BACKGROUND: Diffuse low-grade and intermediate-grade gliomas (which together make up the lower-grade gliomas, World Health Organization grades II and III) have highly variable clinical behavior that is not adequately predicted on the basis of histologic class. Some are indolent; others quickly progress to glioblastoma. The uncertainty is compounded by interobserver variability in histologic diagnosis. Mutations in IDH, TP53, and ATRX and codeletion of chromosome arms 1p and 19q (1p/19q codeletion) have been implicated as clinically relevant markers of lower-grade gliomas.

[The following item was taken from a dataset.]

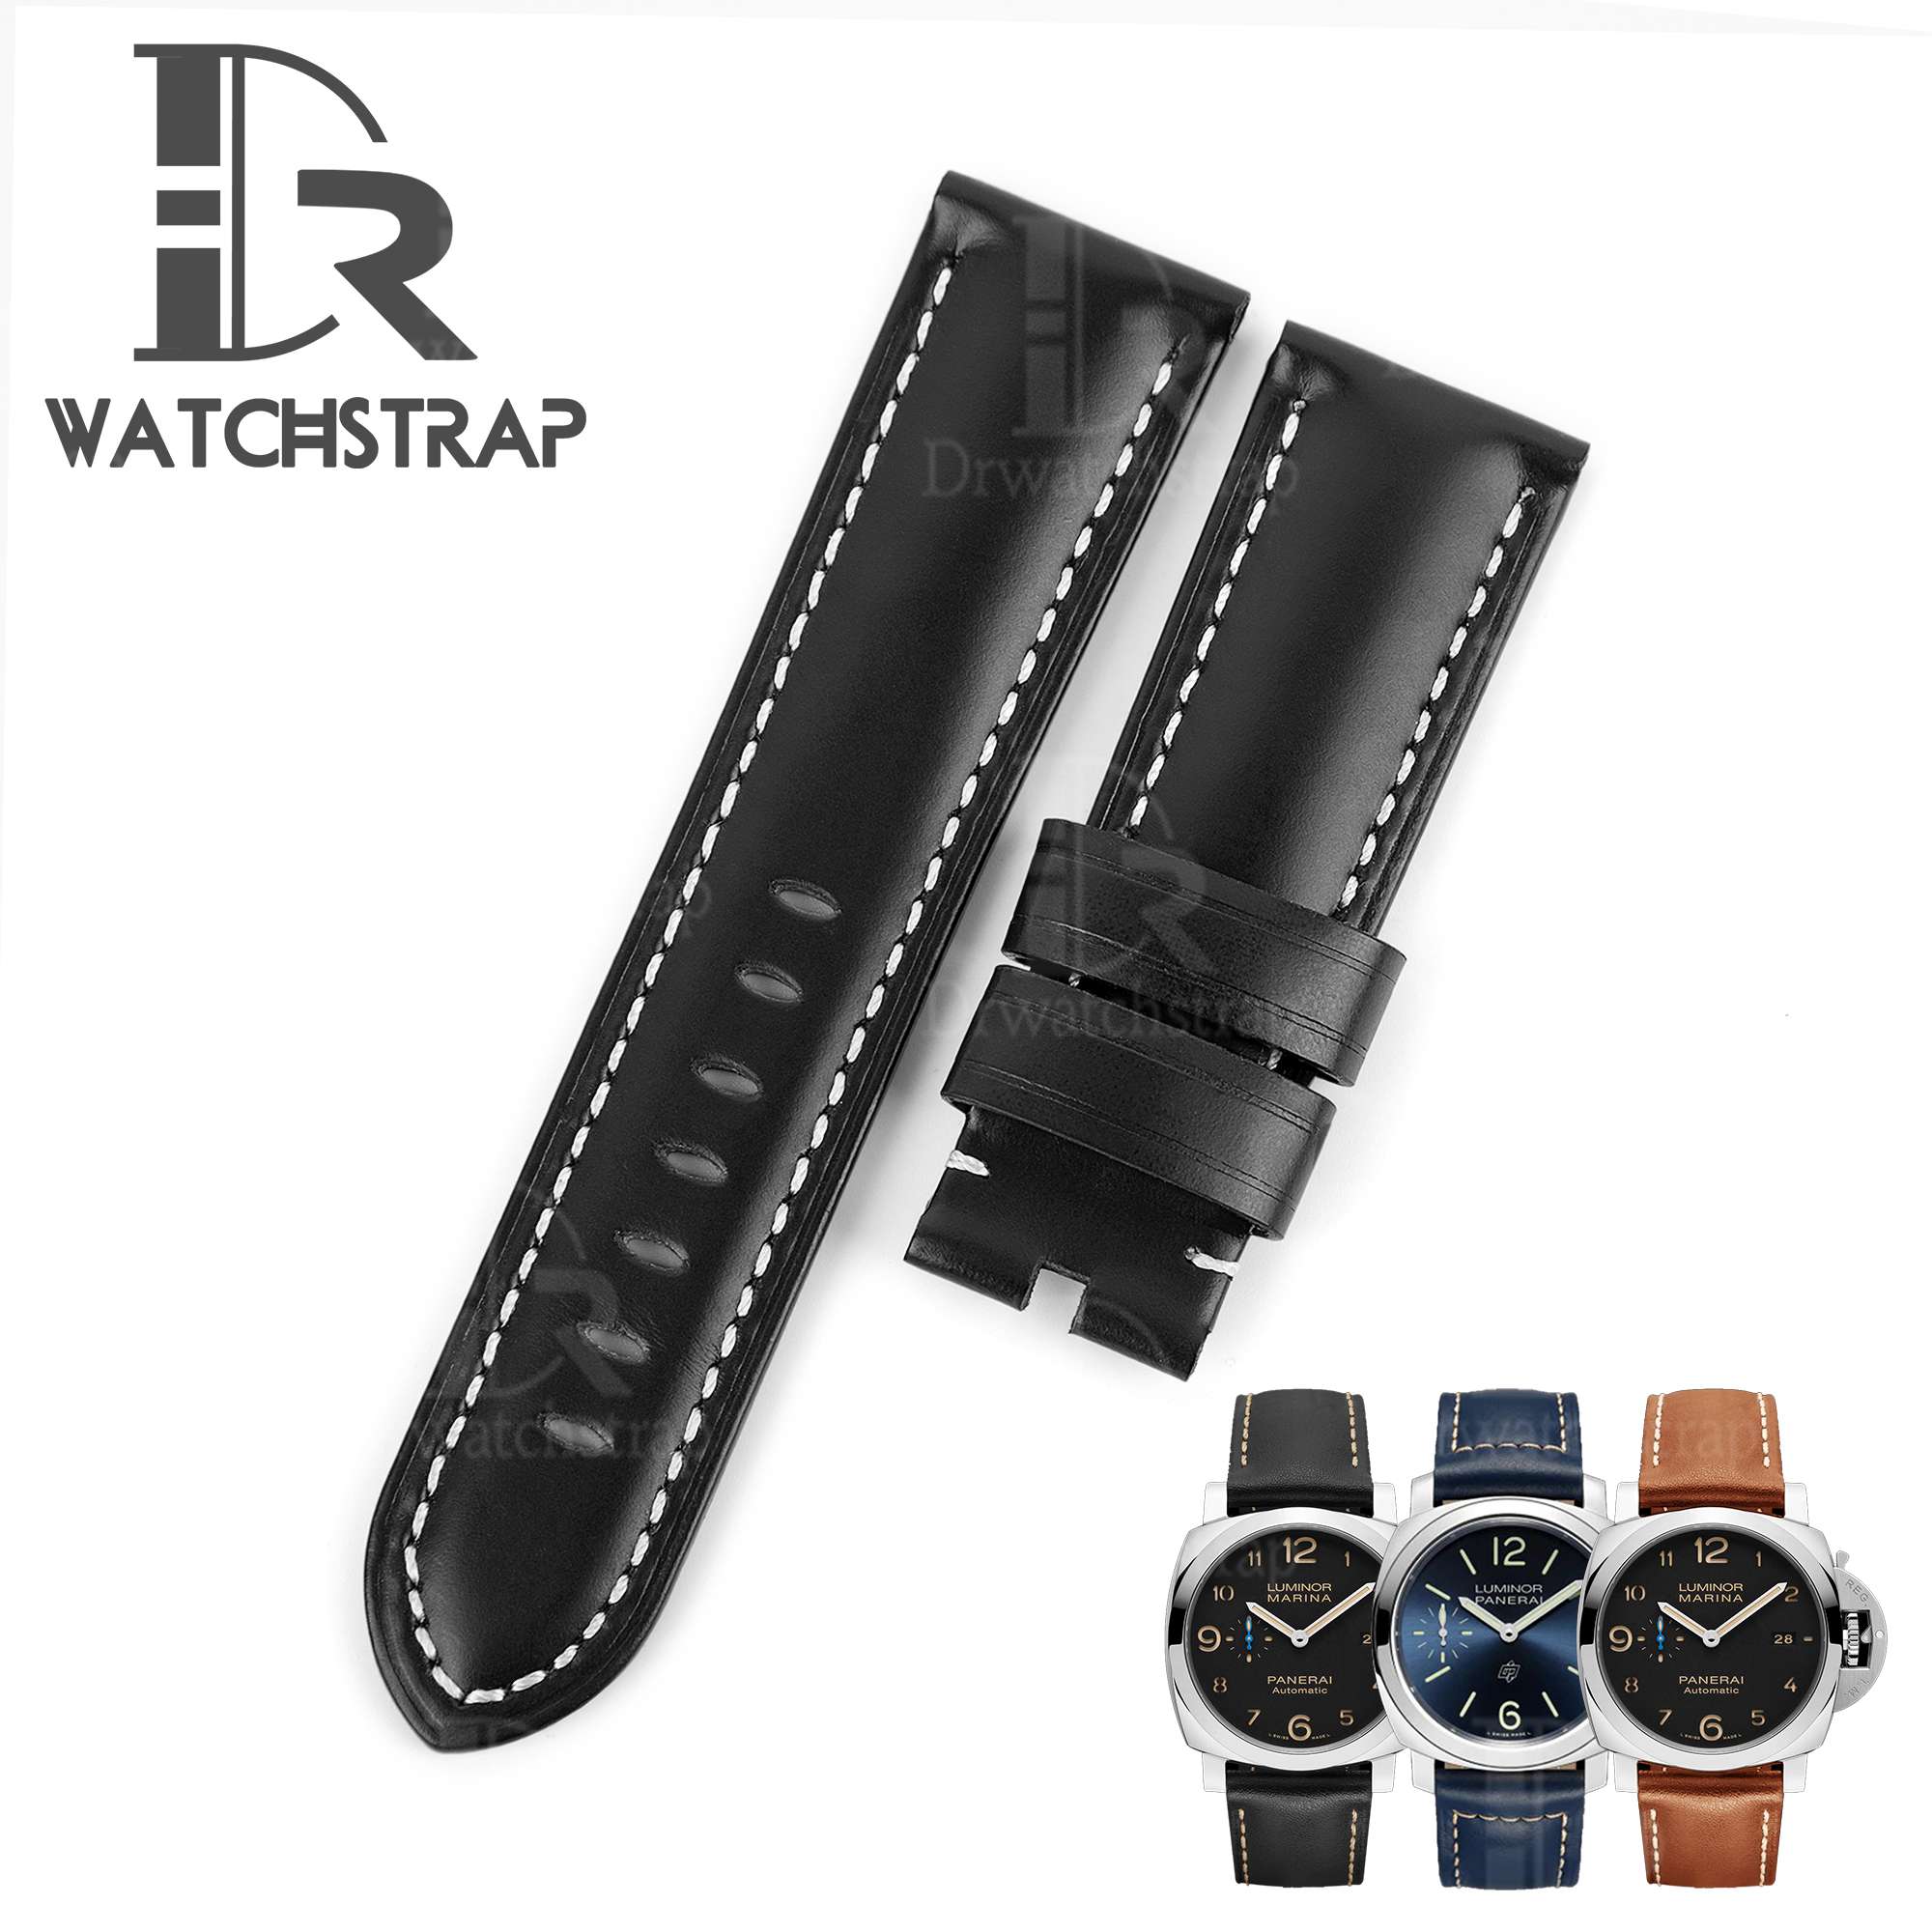 Premium aftermarket best OEM handmade Black Panerai calfskin leather Strap and watch band replacement 22mm 24mm for Panerai Luminor Due luxury watches from dr watchstrap for sale - Shop the premium calf leather material wholesale straps and watchbands online at a low price

METHODS: We performed genomewide analyses of 293 lower-grade gliomas from adults, incorporating exome sequence, DNA copy number, DNA methylation, messenger RNA expression, microRNA expression, and targeted protein expression. These data were integrated and tested for correlation with clinical outcomes.
RESULTS: Unsupervised clustering of mutations and data from RNA, DNA-copy-number, and DNA-methylation platforms uncovered concordant classification of three robust, nonoverlapping, prognostically significant subtypes of lower-grade glioma that were captured more accurately by IDH, 1p/19q, and TP53 status than by histologic class. Patients who had lower-grade gliomas with an IDH mutation and 1p/19q codeletion had the most favorable clinical outcomes. Their gliomas harbored mutations in CIC, FUBP1, NOTCH1, and the TERT promoter. Nearly all lower-grade gliomas with IDH mutations and no 1p/19q codeletion had mutations in TP53 (94%) and ATRX inactivation (86%). The large majority of lower-grade gliomas without an IDH mutation had genomic aberrations and clinical behavior strikingly similar to those found in primary glioblastoma.
CONCLUSIONS: The integration of genomewide data from multiple platforms delineated three molecular classes of lower-grade gliomas that were more concordant with IDH, 1p/19q, and TP53 status than with histologic class. Lower-grade gliomas with an IDH mutation either had 1p/19q codeletion or carried a TP53 mutation. Most lower-grade gliomas without an IDH mutation were molecularly and clinically similar to glioblastoma. (Funded by the National Institutes of Health.).